It is actually here. The Ferrari Luce. No more rumors. No more whispered speculations in coffee shops. Just the car itself sitting on a stage while the industry tries to process it.
Four electric motors. More than 1,000 horses under the hood. A design that looks like Ferrari had an identity crisis and decided to burn the old rulebook. Maybe this is the boldest thing they have ever made. Or maybe just the weirdest.
From the first glimpse it feels different. Special. Radical. The outside looks nothing like a previous Ferrari. The inside? Even more stark. You will either hate it or stare at it for hours. Either way you are not looking away.
Not Just Another EV
This isn’t some one-off concept car built for a press conference and then hidden in a museum. It is a real product. Meant to sit alongside their core lineup. That changes the stakes entirely for Maranello.
They did not play it safe. There is a brand-new platform underneath it all. The proportions of a traditional supercar are gone. Shipped out. The Luce is something else. A full product meant to shift the brand forward not just as a halo project.
A Wild Look
Let’s be honest about Ferrari design lately. It is… mixed. Questionable. But the Luce might be the most polarizing thing to wear the Prancing Horse badge yet. Even the F80 feels tamer compared to this.
Jony Ive’s studio, LoveFrom, helped shape this. If you know his name from the early iPhones you get the vibe.
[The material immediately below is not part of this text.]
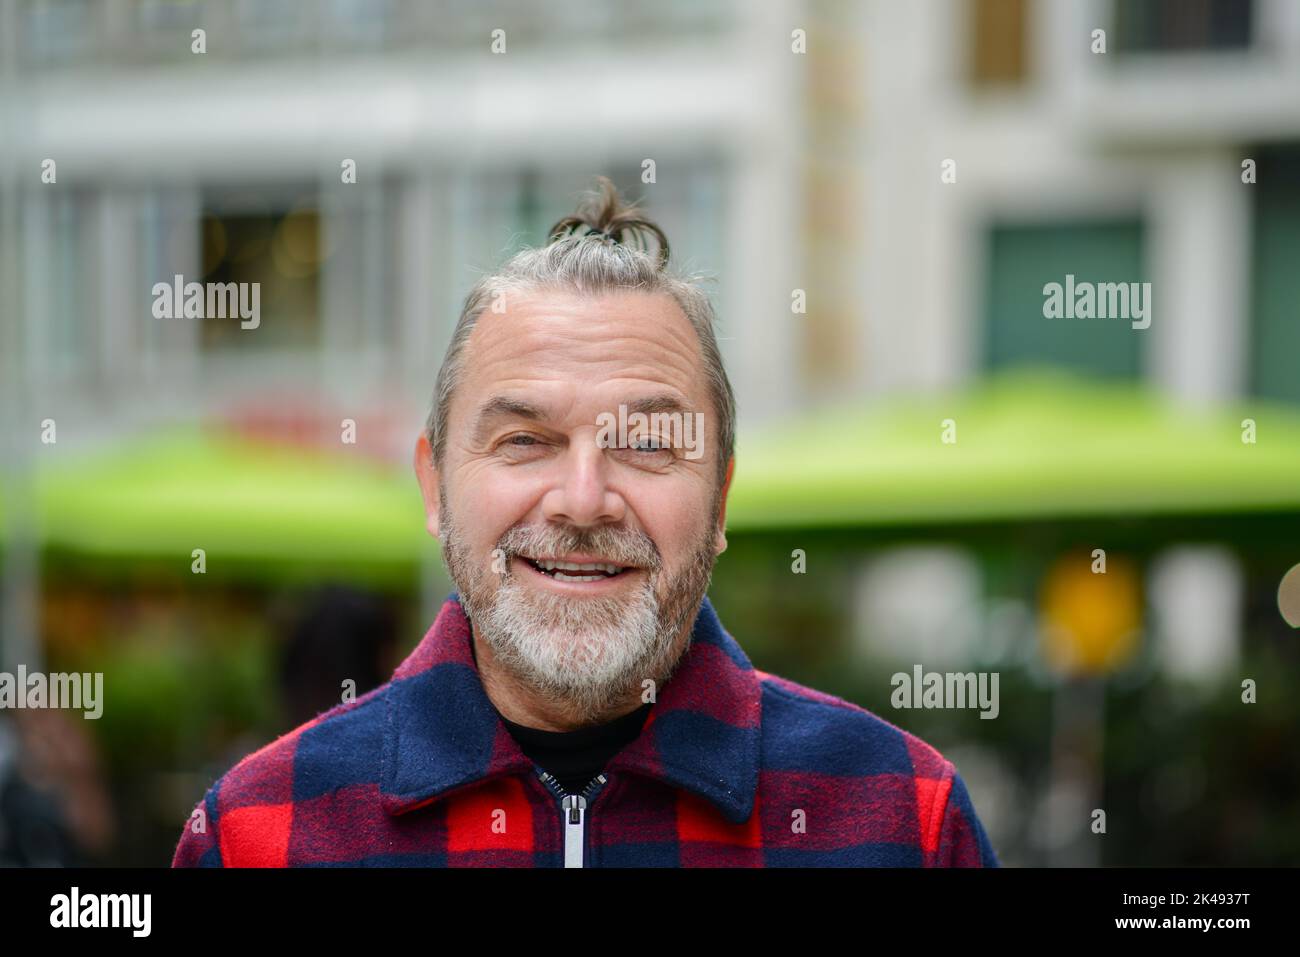 Middle aged man with a messy bun in a red and blue lumberjack style jacket is standing in a shopping street with a mischievous smile Stock Photo

Aerodynamics matter more than nostalgia. Every curve bends for airflow. Ferrari admits as much. Efficiency drove the sculpting process first and foremost.
And the wheels? Huge. Twenty-three inches in front. Twenty-four in the back. The largest wheels ever on a Ferrari. That fact alone sticks in the mind.
The Cabin Speaks
Here is the twist. The performance isn’t the best part. The interior is.
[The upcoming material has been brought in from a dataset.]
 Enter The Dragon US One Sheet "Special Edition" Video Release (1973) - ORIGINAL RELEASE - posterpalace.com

Most modern cars drown you in screens. Glass rectangles everywhere. Ferrari resisted. They went for materials instead. Aluminum. Glass. It feels premium. Tactile. The digital bits are subtle almost ghost-like.
It is actually useful too. Seats five people. Has 21.1 cubic feet in the trunk. Practicality from a Ferrari sounds like a joke until you look at the numbers. It works.
Tech With Teeth
1,050 horsepower. 0-62 mph in 2.5 seconds. 124 mph in just over 6 seconds.
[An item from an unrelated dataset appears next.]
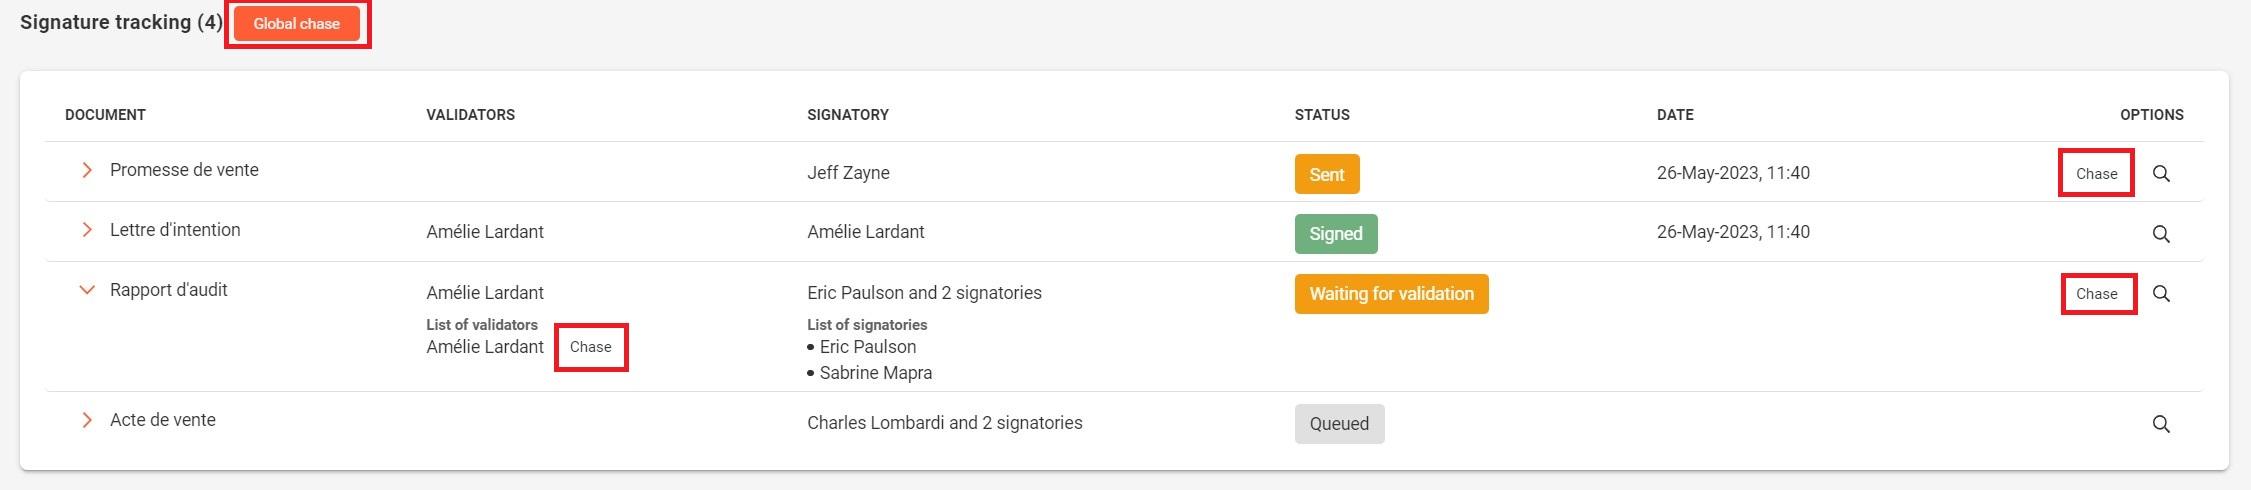 chase signatories and validators new feature closd

Boring. Those are just numbers on a spreadsheet. What matters is how you drive it.
There are no fake gear shifts. No plastic clicking to simulate combustion. The paddles control torque and regen independently. Ferrari calls it Torque Shift Engagement. You can tune the entry and exit of a corner almost like a race engineer adjusting the suspension balance.
Four independent motors add torque vectoring and rear steering to the mix. The battery is part of the chassis structure. It feels engineered not assembled.
A Big Bet
It costs €550,00. That is roughly $640,00 before you even choose the wheel color. Only the ultra-rich care about that tag. But the rest of the industry should too.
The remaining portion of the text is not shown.